# L'avenir de la liste négative : entre ouverture stratégique et protection des intérêts nationaux Pour tout investisseur étranger œuvrant en Chine, la « Liste négative d'accès aux investissements » n'est pas un simple document administratif ; c'est la carte qui définit les règles du jeu. L'article « Quelle est l'orientation future des ajustements de la liste négative d'accès aux investissements étrangers ? » pose une question fondamentale qui agite les conseils d'administration et les départements de stratégie : dans quelle direction la Chine va-t-elle faire évoluer ce cadre crucial ? Alors que le pays affiche une volonté d'ouverture continue, les ajustements de cette liste reflètent un équilibre subtil entre attirer les capitaux de haute qualité et protéger les secteurs sensibles. En tant que professionnel avec 12 ans d'expérience dans l'accompagnement des entreprises étrangères chez Jiaxi Fiscal et 14 ans dans les procédures d'enregistrement, je vous propose de décortiquer ensemble les tendances futures, non pas à travers un prisme théorique, mais avec le regard du terrain, des dossiers que nous traitons et des échanges avec les autorités.

Ouverture continue

La tendance lourde, et c'est une excellente nouvelle pour les investisseurs, est celle d'une ouverture continue et mesurée. On ne reviendra pas en arrière. Les autorités chinoises ont bien compris que pour maintenir la compétitivité de l'économie, attirer des technologies de pointe et des savoir-faire managériaux, il faut offrir un accès élargi. Je me souviens d'un client, un fabricant européen de composants automobiles de nouvelle génération, qui, il y a cinq ans, devait obligatoirement passer par une joint-venture. La révision de la liste a progressivement assoupli cette règle dans son sous-secteur, et nous avons pu l'accompagner vers la création d'une entreprise à capitaux entièrement étrangers. Cet assouplissement n'est pas anodin ; il envoie un signal fort aux marchés. Les futurs ajustements vont probablement continuer sur cette voie, en ciblant des segments précis comme les services financiers verts, la R&D en intelligence artificielle appliquée, ou certains maillons de la chaîne logistique moderne.

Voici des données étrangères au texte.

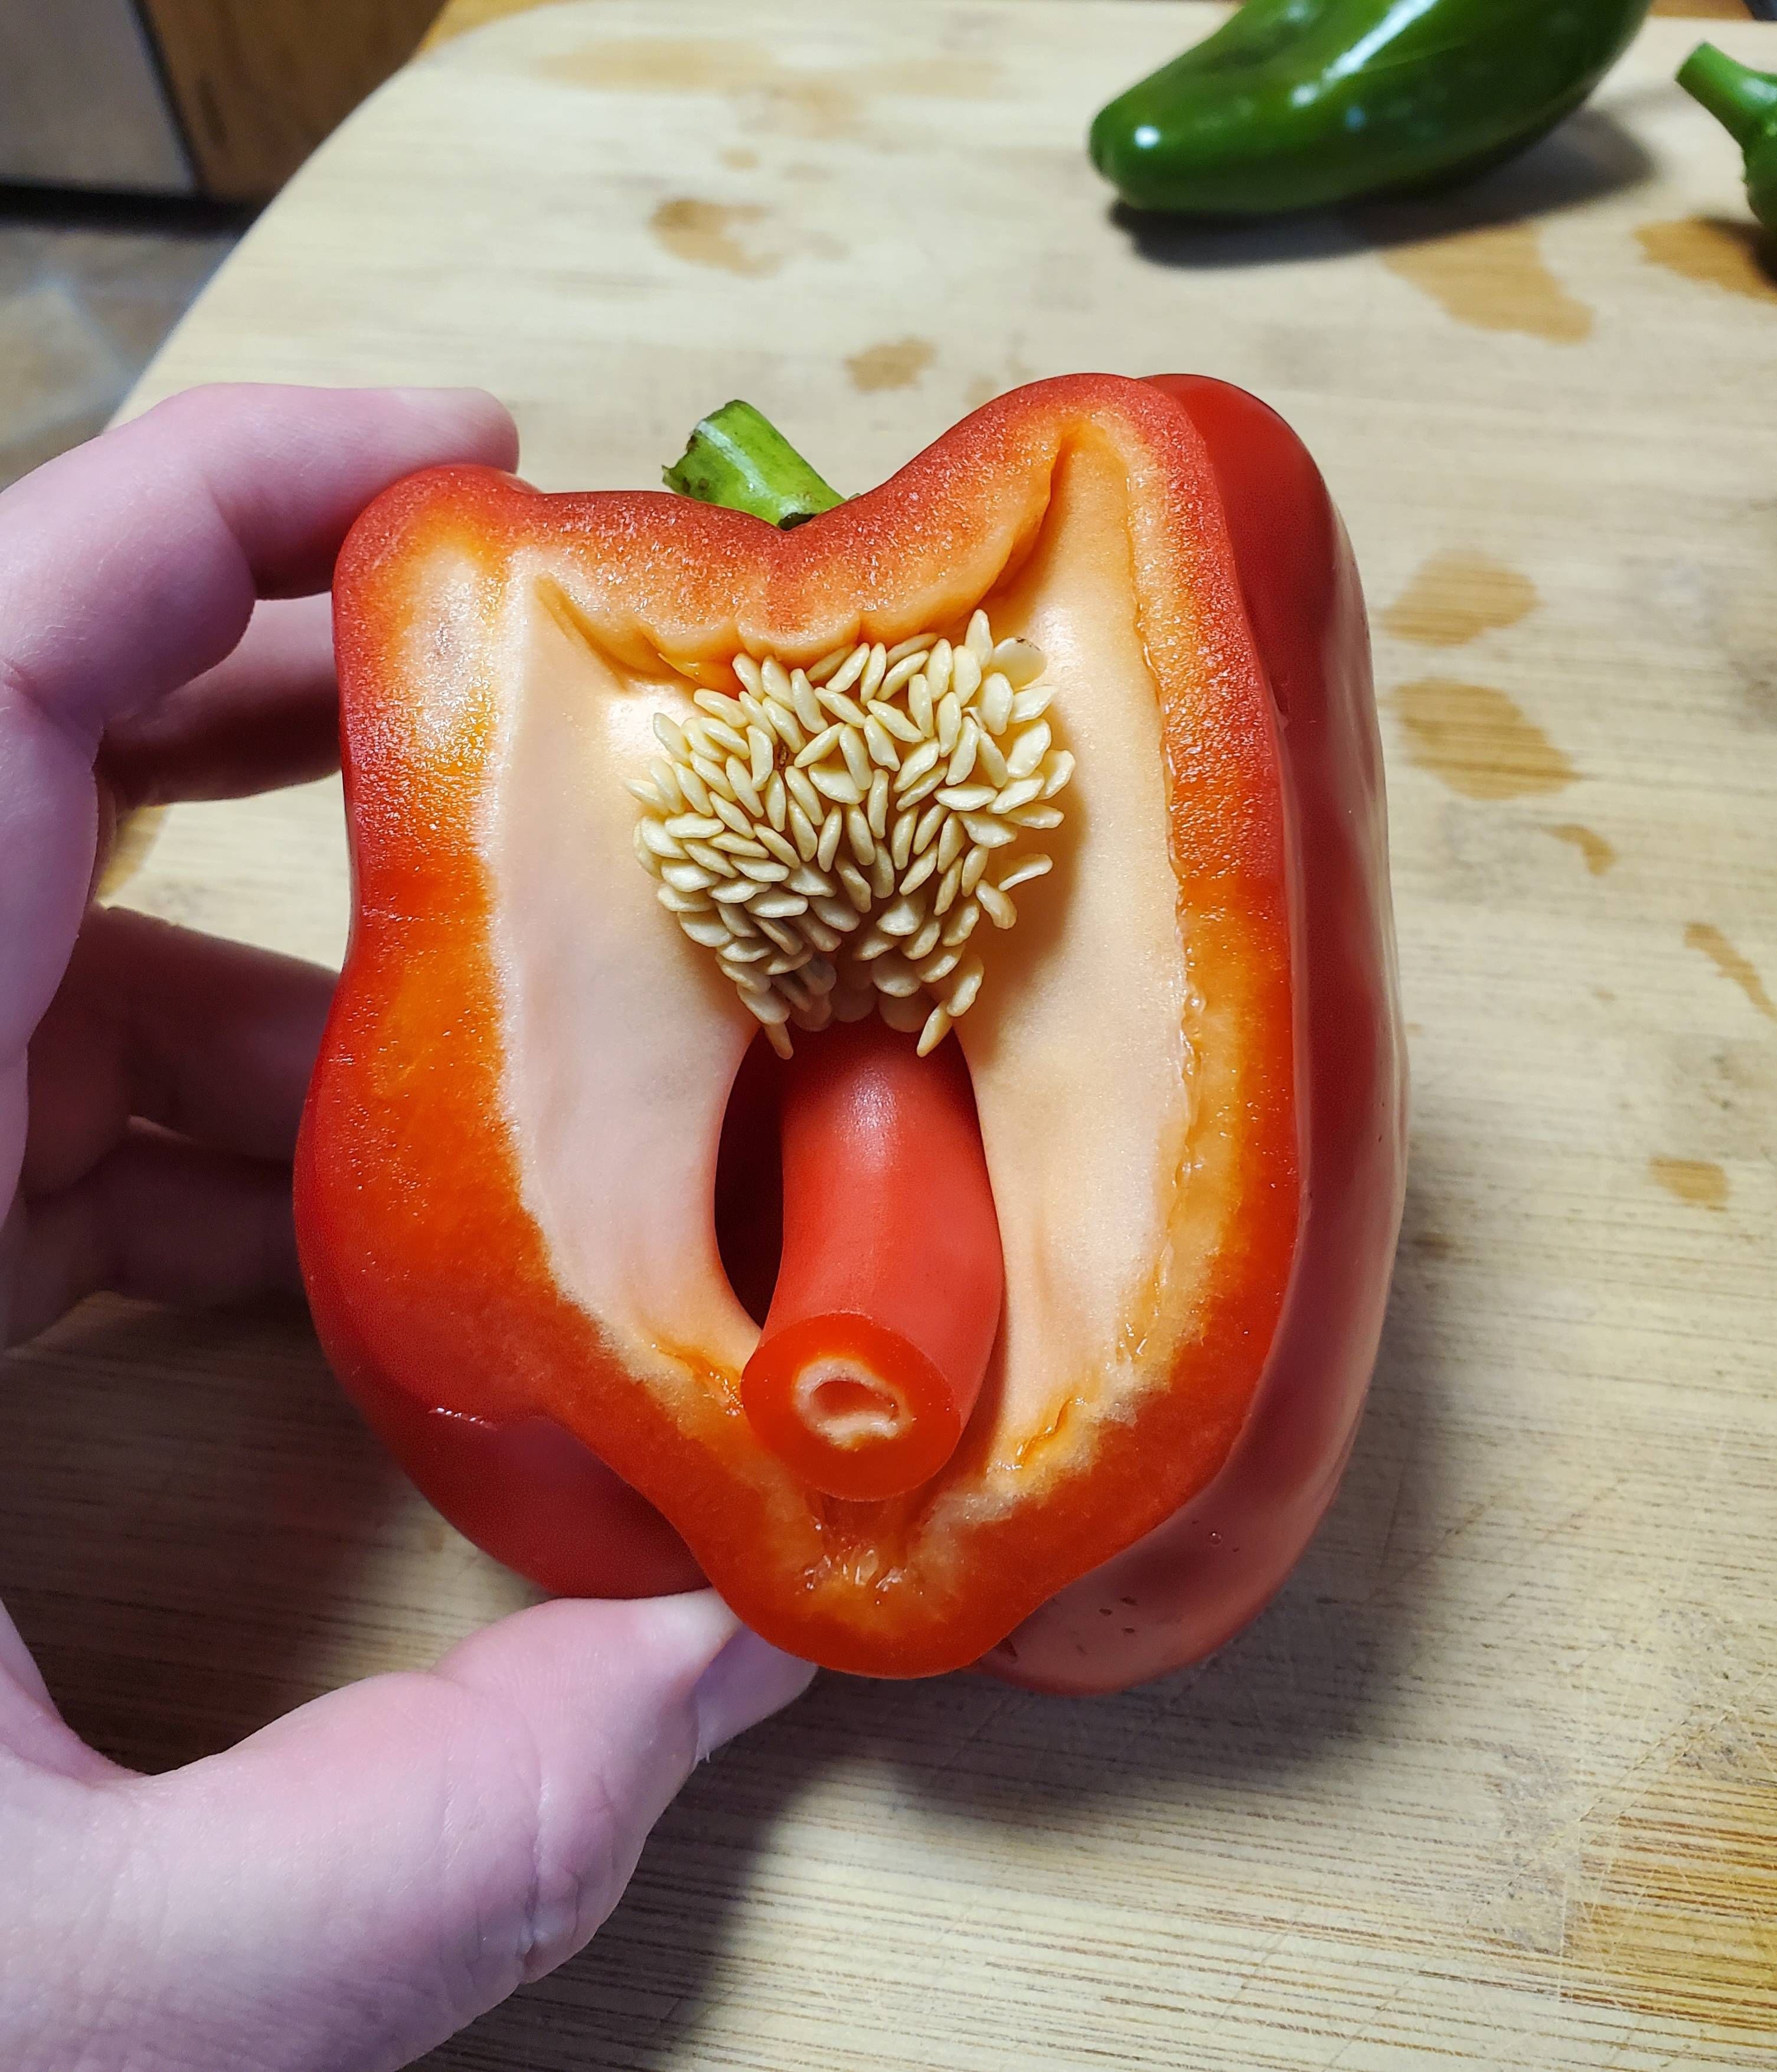 This bell pepper I just cut open makes me...uncomfortable.

L'objectif est clair : utiliser la liste négative non pas comme une barrière, mais comme un outil de pilotage pour orienter les investissements étrangers vers les secteurs qui soutiennent la transition économique du pays, ce que nous appelons la « haute qualité du développement ». Ce n'est pas une ouverture tous azimuts, mais une ouverture stratégique.

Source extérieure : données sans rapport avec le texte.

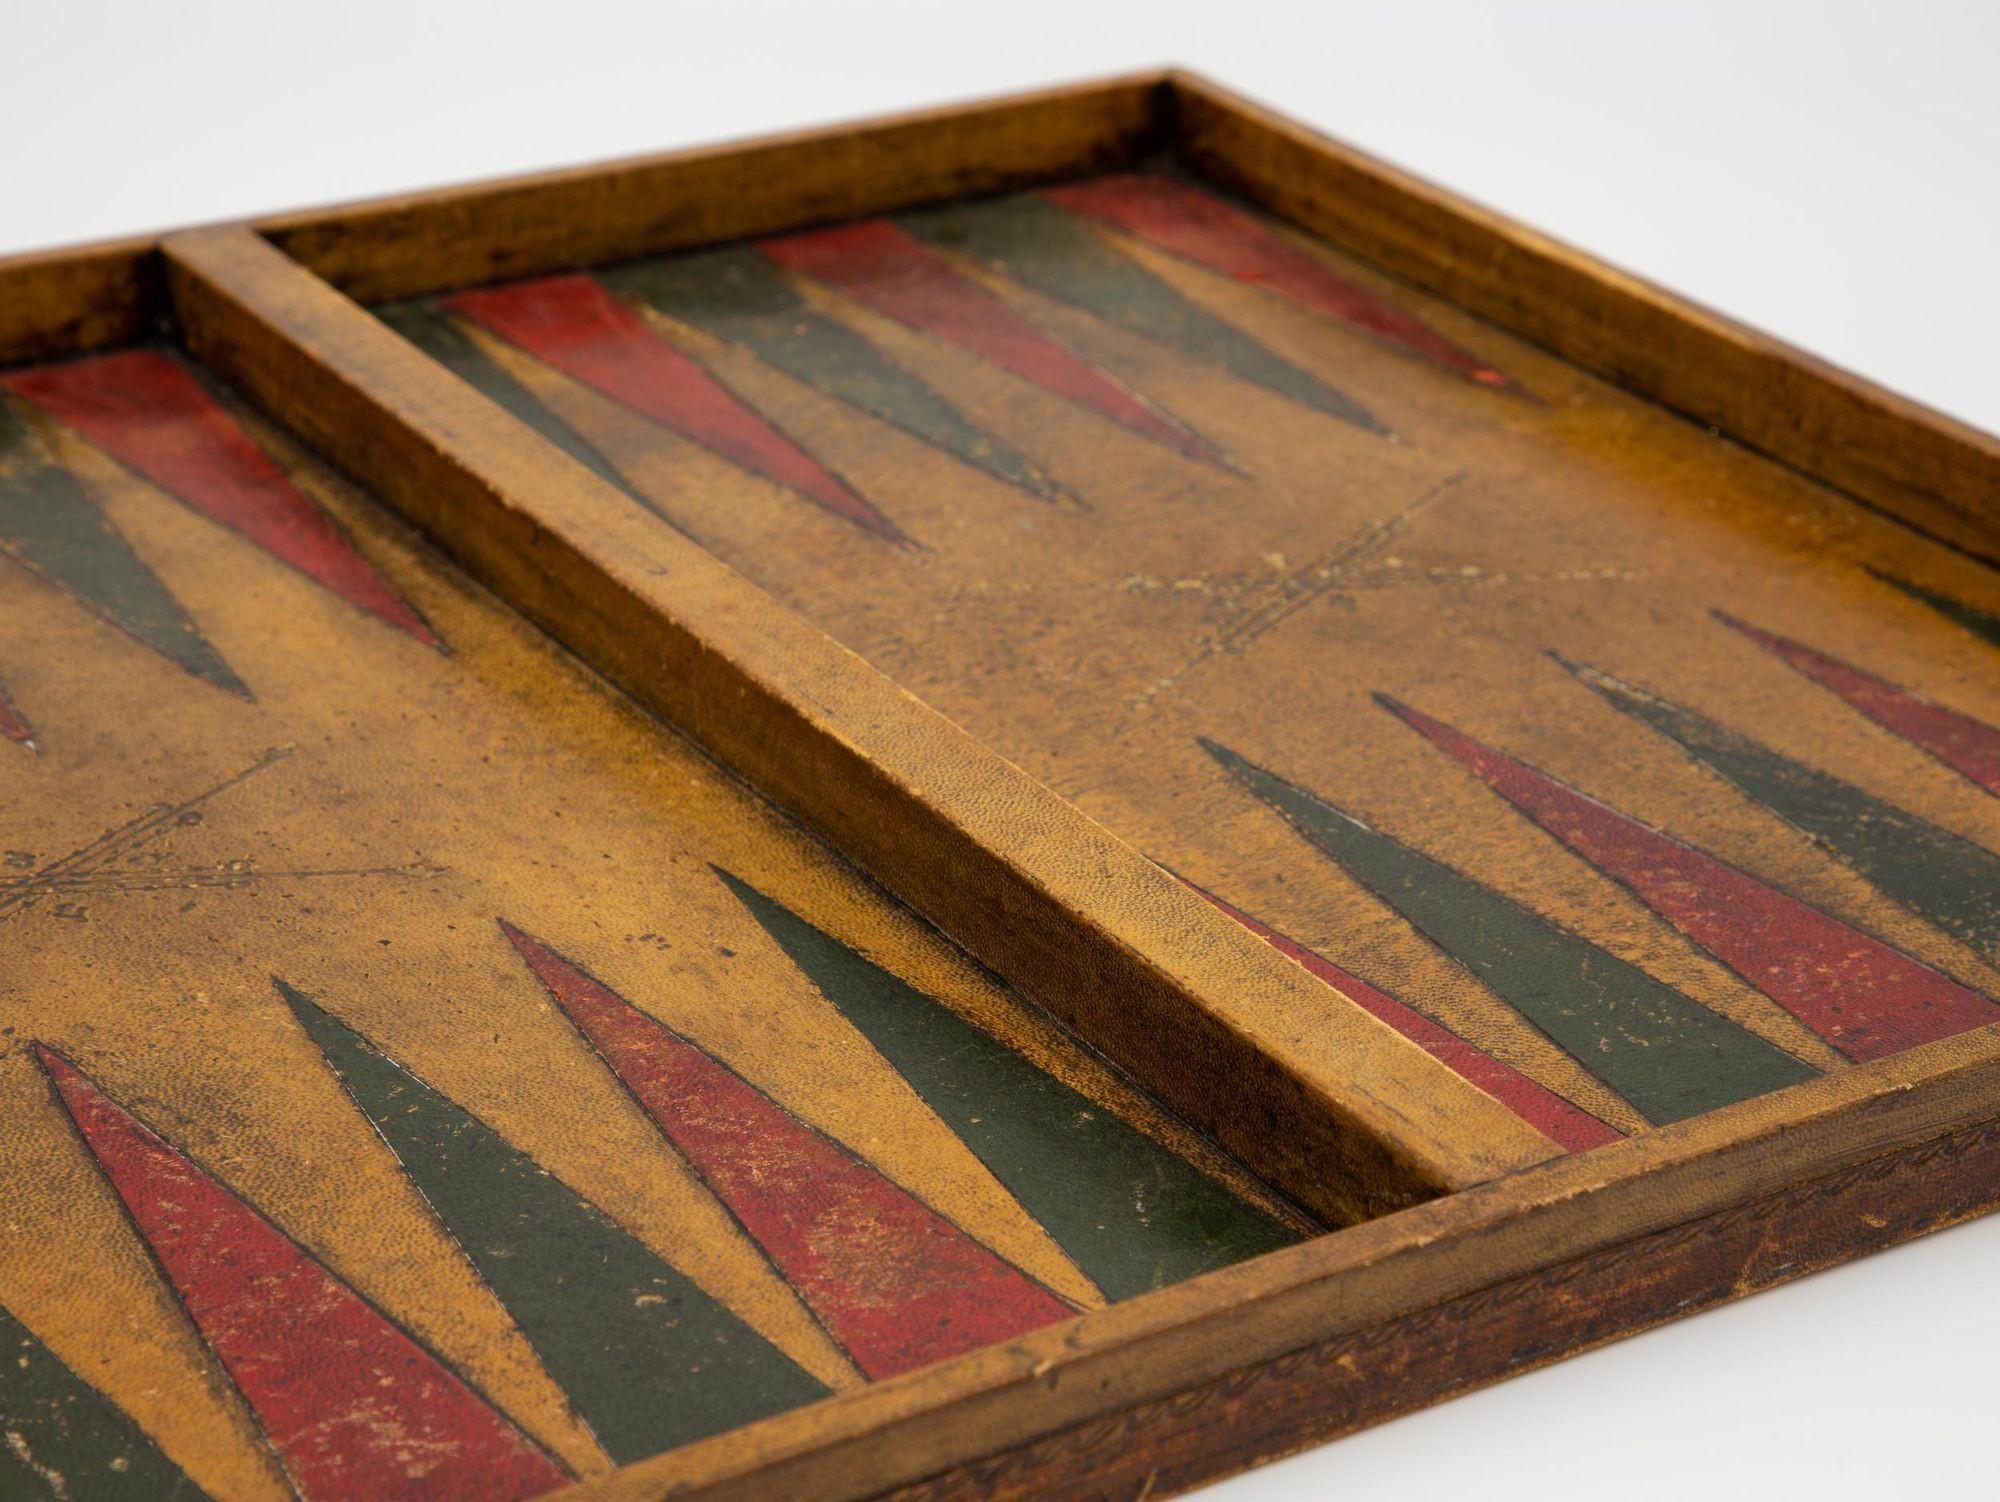 An early 20th century Backgammon game box. The interior is made of cognac, green, and red dyed leather. The exterior is embossed with a gold vine border. Wear consistent with age and use.

Cette stratégie s'inscrit dans un cadre plus large, celui des réformes institutionnelles visant à améliorer l'environnement des affaires. Chaque révision de la liste est l'occasion de supprimer des restrictions devenues obsolètes ou contre-productives. Par exemple, la levée progressive des restrictions dans le secteur des services, comme les télécommunications ou la valeur ajoutée, répond à la fois aux engagements internationaux et aux besoins du marché intérieur. Il faut voir ces ajustements comme des vagues successives : une restriction est assouplie, son impact est évalué, puis une nouvelle phase d'ouverture est envisagée. Pour l'investisseur, cela demande une vigilance constante et une capacité d'adaptation. Ce n'est plus du « tout interdit sauf ce qui est permis » dans de nombreux domaines, mais de plus en plus du « tout permis sauf ce qui est explicitement interdit », ce qui change radicalement la philosophie d'approche du marché.

Protection ciblée

À l'inverse de l'ouverture, il y a la protection, et c'est là que les choses deviennent intéressantes, voire sensibles. La liste négative reste l'instrument de souveraineté économique par excellence. Les futurs ajustements ne signifieront pas la suppression pure et simple de toutes les barrières. Certains secteurs resteront, à mon avis, fortement protégés, et les ajustements consisteront à affiner ces protections, pas à les abolir. Je pense évidemment aux industries liées à la sécurité nationale, aux médias, à la culture, mais aussi à certains segments technologiques critiques. Un cas m'a marqué : une entreprise étrangère souhaitait investir dans un domaine lié aux données de cartographie précises. Malgré un projet technologiquement très avancé, le dossier a buté sur des considérations de sécurité nationale absolument non négociables. La future orientation sera probablement de mieux définir ces « zones rouges » pour éviter toute ambiguïté.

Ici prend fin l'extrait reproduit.